"Yes," said the pharmacist, "no imagination, no wit, nothing that makes a man shine in society."
------Pt. 2, I.
He has more customers than there are sinners in hell; the authorities treat him kindly and he has the public on his side.
He has just been given the cross of the Legion of Honor.
------Pt. 3, XI.
Gustave Flaubert, Madame Bovary.
As Flaubert's Homais was a concise portrait of the post enlightenment philistine, Thomas Friedman is the present arch philistine of "Globalism". The offhand comments of cab drivers and hotel receptionists the world over are sucked into the vortex of his tireless banality. Billboards and corporate boardroom bon mots are first principles. Ultimately Friedman is the "Ugly American" as an intellectual tourist.
President Obama, bien sur, reads him religiously. Established media in the United States refer to him as a "deep thinker". Our contemporary Homais writes a column weekly for the New York Times.

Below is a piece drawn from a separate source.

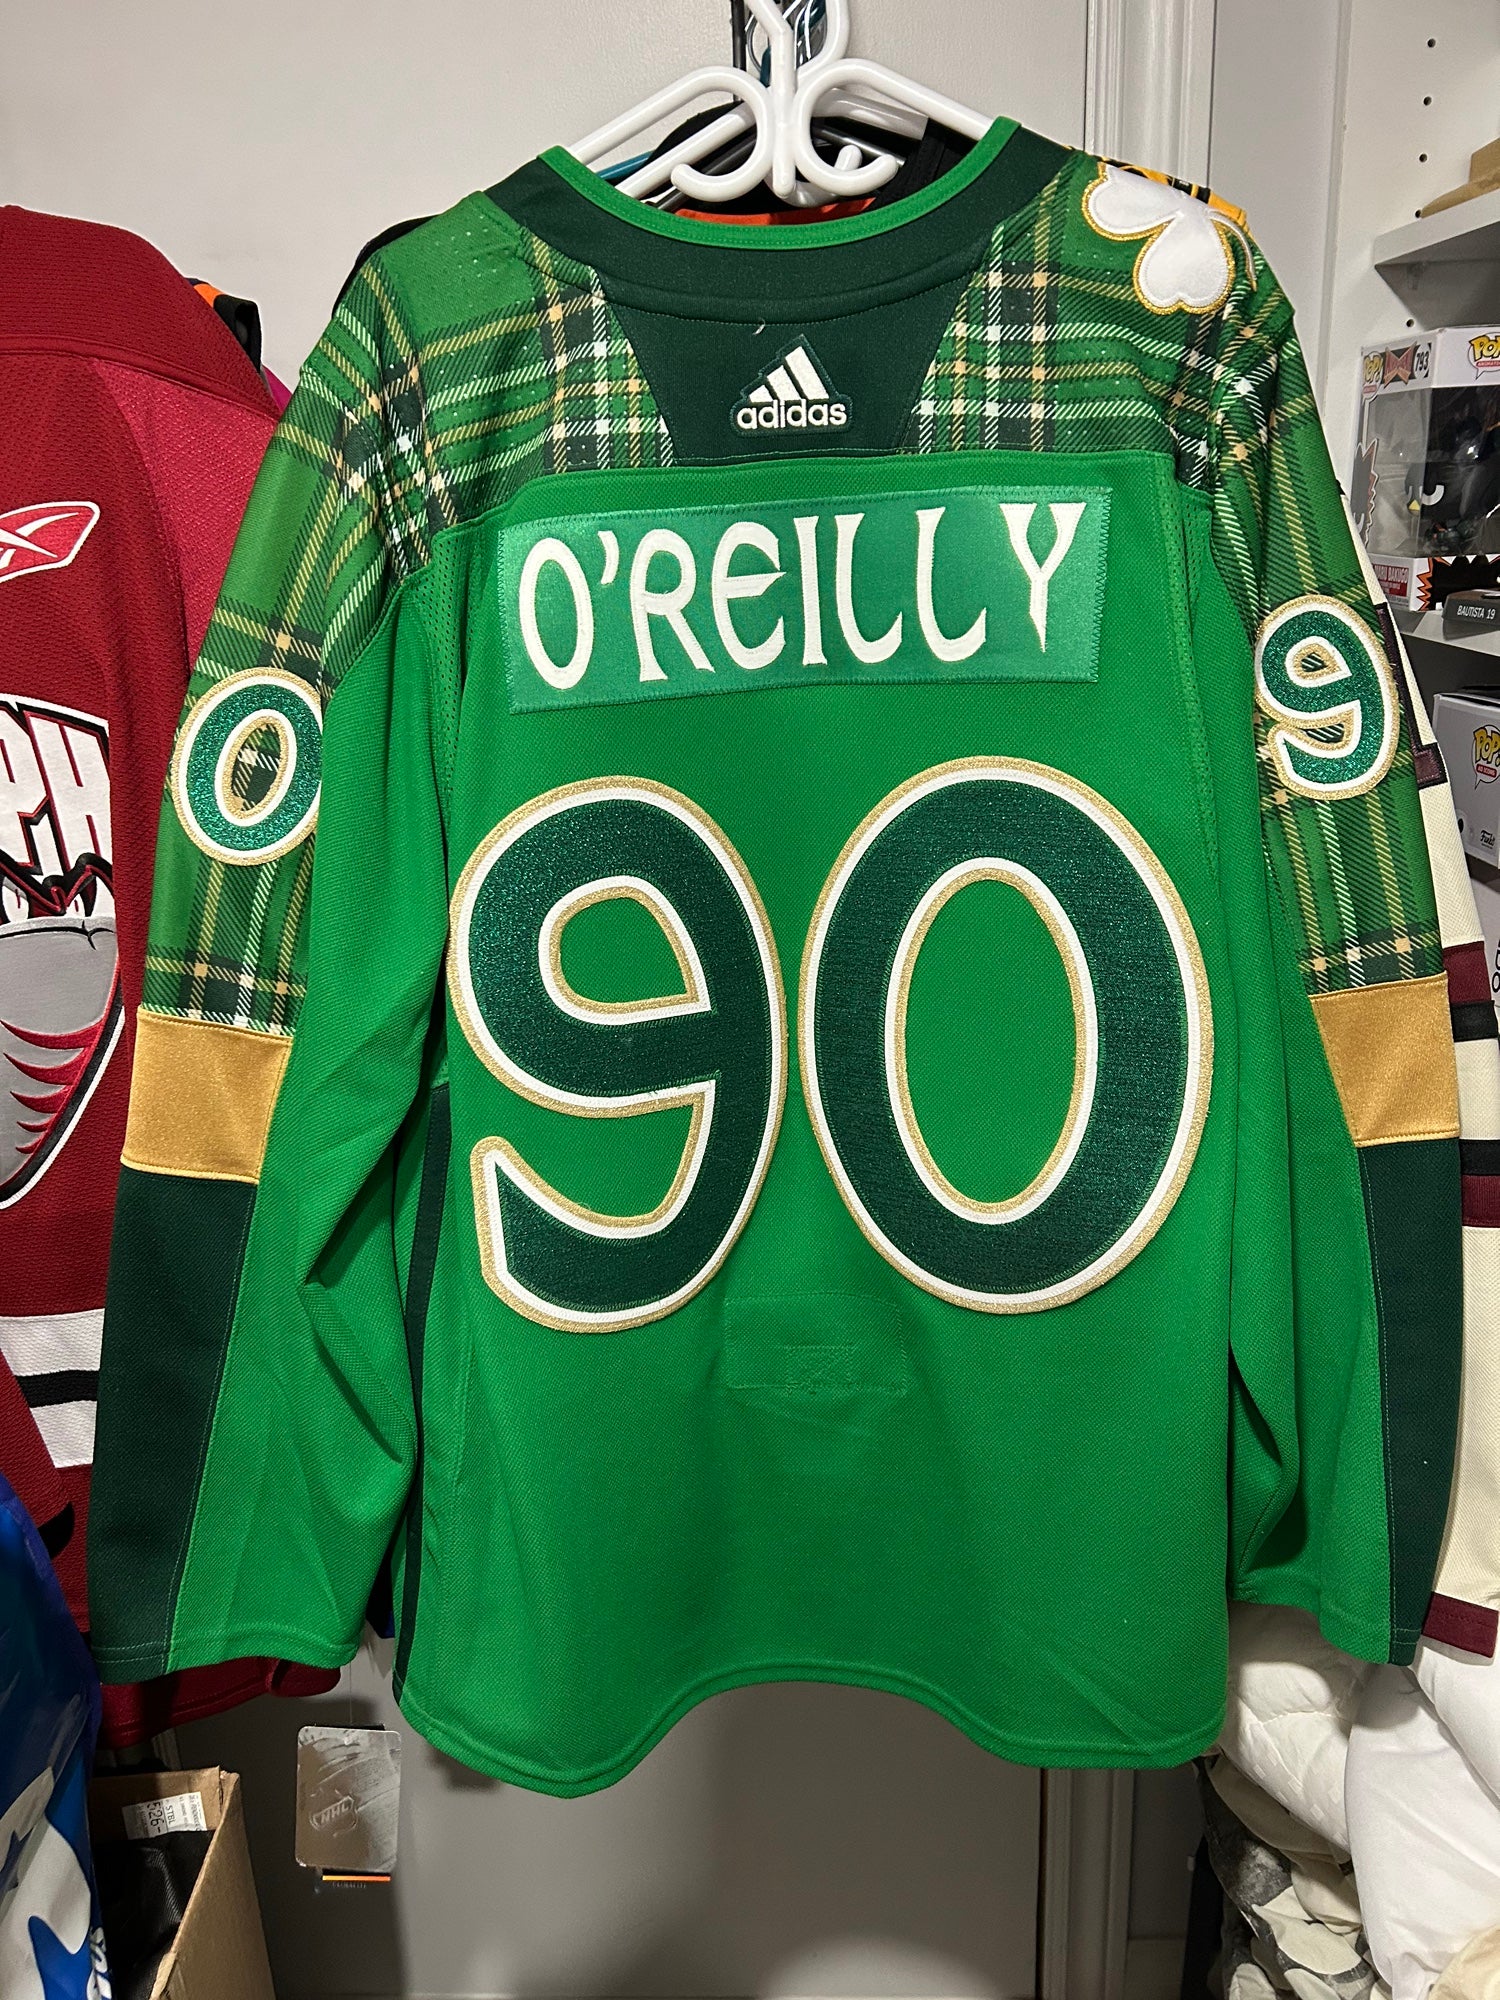 Ryan O'Reilly Jerseys, Ryan O'Reilly Shirts, Apparel, Gear

It is no surprise our Homais is a Centrist. All forms of "extremism" upset him; bottle rockets at a country fair alarmed the 19th century Homais. Like the ass caught between two piles of feed, Friedman can't help braying about the danger of "taking sides".
Unfortunately, he carries and broadcasts the love of his own opinion much further than his literary forefather.
This renders his output less tolerable and culture's adulation("best selling books") of it more troubling.